Why it matters: One of the greatest risks of quantum computing is its potential to break many of the cryptographic protocols that keeps the internet safe today. Thankfully, quantum is still fairly distant from being that great a risk – at this stage, it can't break internet encryption. But Google isn't exactly waiting around for that to happen. On Friday, the company announced that Chrome is rolling out a new type of web certificate that's essentially designed to be quantum-proof from the ground up.
To understand why this matters, it helps to know how current web security actually works. When you visit a website, your browser checks a digital certificate to confirm you're actually talking to the real site and not some imposter. Those certificates are secured using complex math problems that regular computers would take years or even decades to solve.
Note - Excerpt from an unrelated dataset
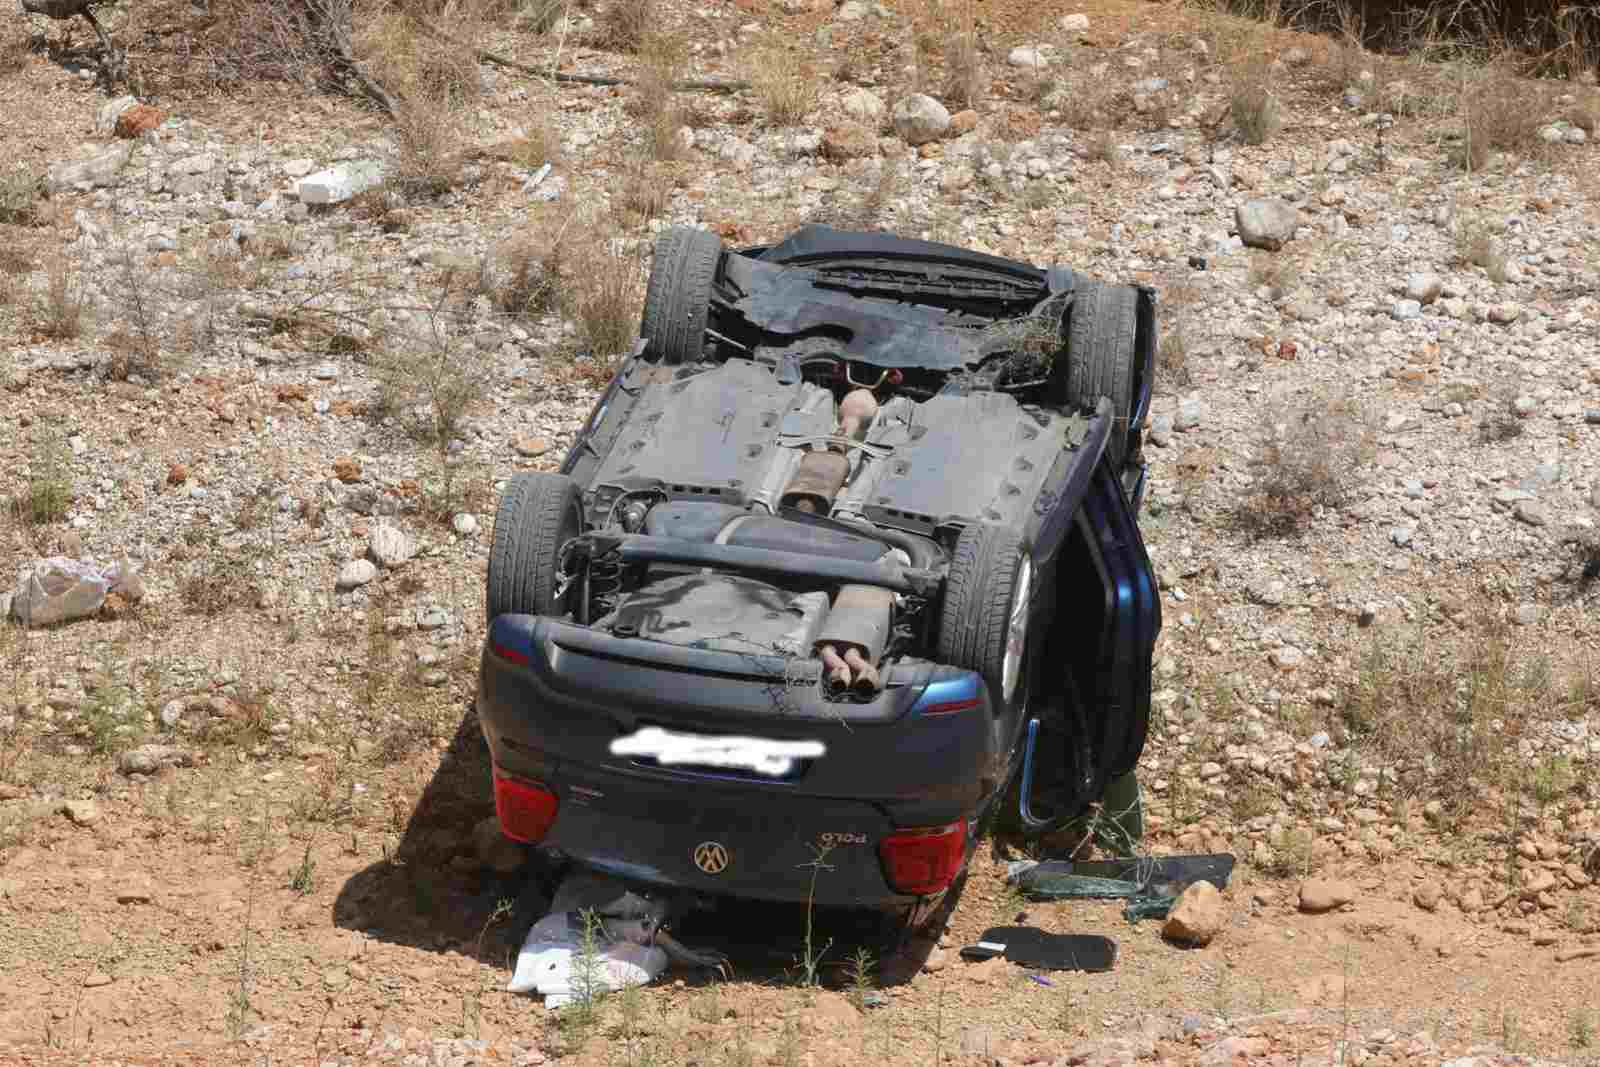 Ευρυτανία: Ζευγάρι έπεσε από γκρεμό 120 μέτρων με το αυτοκίνητο και επέζησε (φωτόυ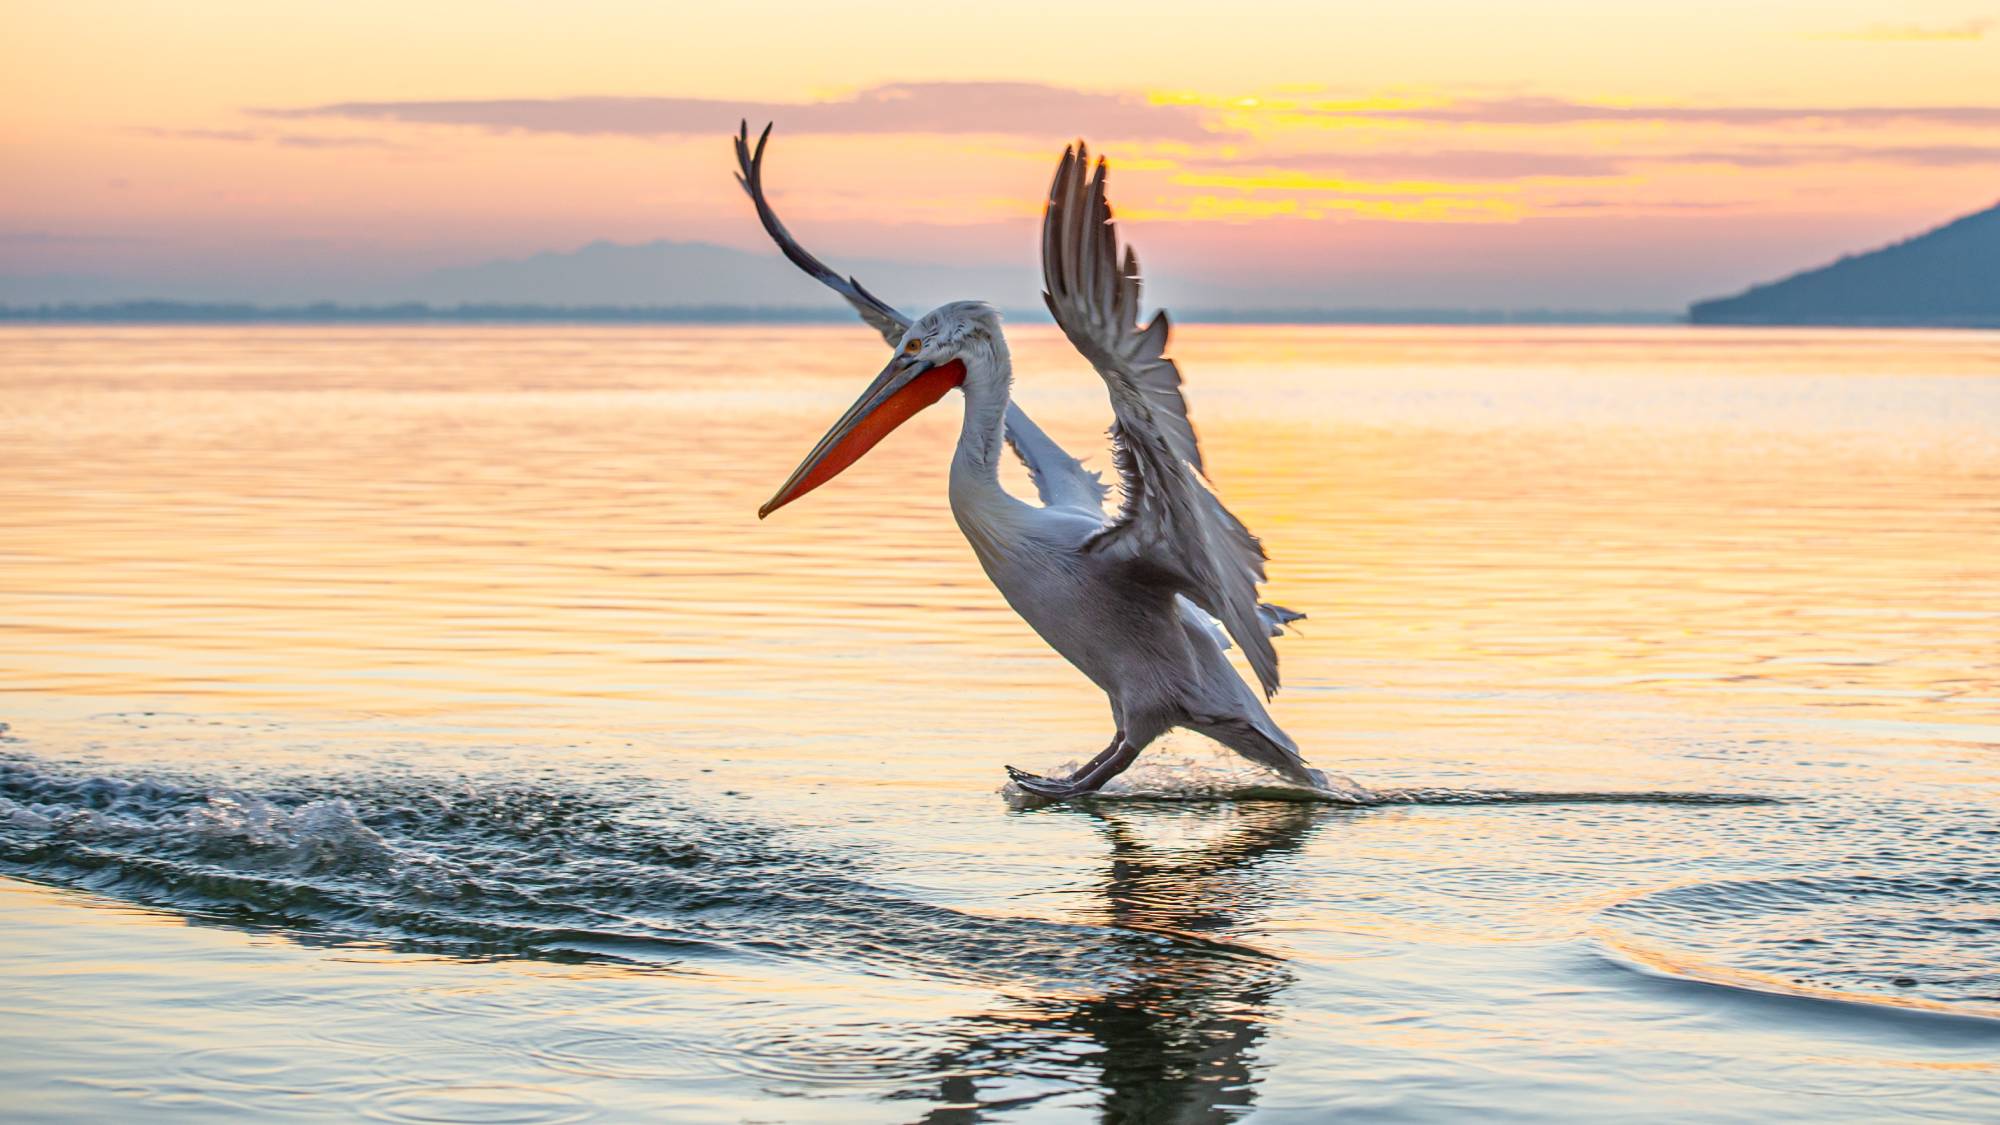 Λιμνοθάλασσα της Γιάλοβας: Ένας σημαντικός βιότοπος και προορισμός για birdwatching

However, quantum computers throw all of that out the window. For instance, a quantum algorithm called Shor's algorithm could theoretically crack those certificates wide open, which would basically make them useless. The natural response to something like this is switching to quantum-resistant cryptography. But there's a catch with that, too.
That quantum-safe cryptographic material is way bigger than what we use now. Current X.509 certificates – the standard format that browsers use today – clock in at around 64 bytes. Swap in quantum-safe equivalents, though, and you're looking at roughly 2.5 kilobytes, which may not sound like a lot but is still about 40 times the size.
Today, every time you visit a website, your browser has to pull down that certificate data during the initial connection. Blow up the size of those certificates, and you're definitely going to feel it in your load times. And if browsing feels sluggish because of all that extra data, people are just going to turn the protection off entirely.
To get around this particular problem, Google is depending on a cryptographic structure called a Merkle tree.
"MTCs replace the heavy, serialized chain of signatures found in traditional PKI with compact Merkle tree proofs. In this model, a certification authority (CA) signs a single "Tree Head" representing potentially millions of certificates, and the "certificate" sent to the browser is merely a lightweight proof of inclusion in that tree," Google wrote.
That may sound overly technical, but in short, your browser receives a small proof – instead of downloading a full individual certificate for every site. With it, any certificate authority only needs to sign one batch covering potentially millions of websites, and the data your browser actually receives stays close to that original 64-byte footprint.
Chrome is already live-testing these Merkle tree Certificates with Cloudflare, and it's already running about 1,000 certificates through the new system right now. Every one of those connections has a standard certificate riding alongside it as a safety net, so nothing breaks while they're still kicking the tires on this process.
The broader rollout stretches into 2027. That's when Google plans to launch a dedicated quantum-resistant trust store that will run parallel to the existing Chrome Root Store.
One genuinely cool side effect of this whole approach is that certificate transparency stops being optional. You physically cannot issue one of these new certificates without it appearing in a publicly verifiable log. This means that shady or forged certificates become a lot harder to sneak through.
It's worth mentioning here that Google has been taking steps to safeguard browsers and the internet against quantum computing for a decade now.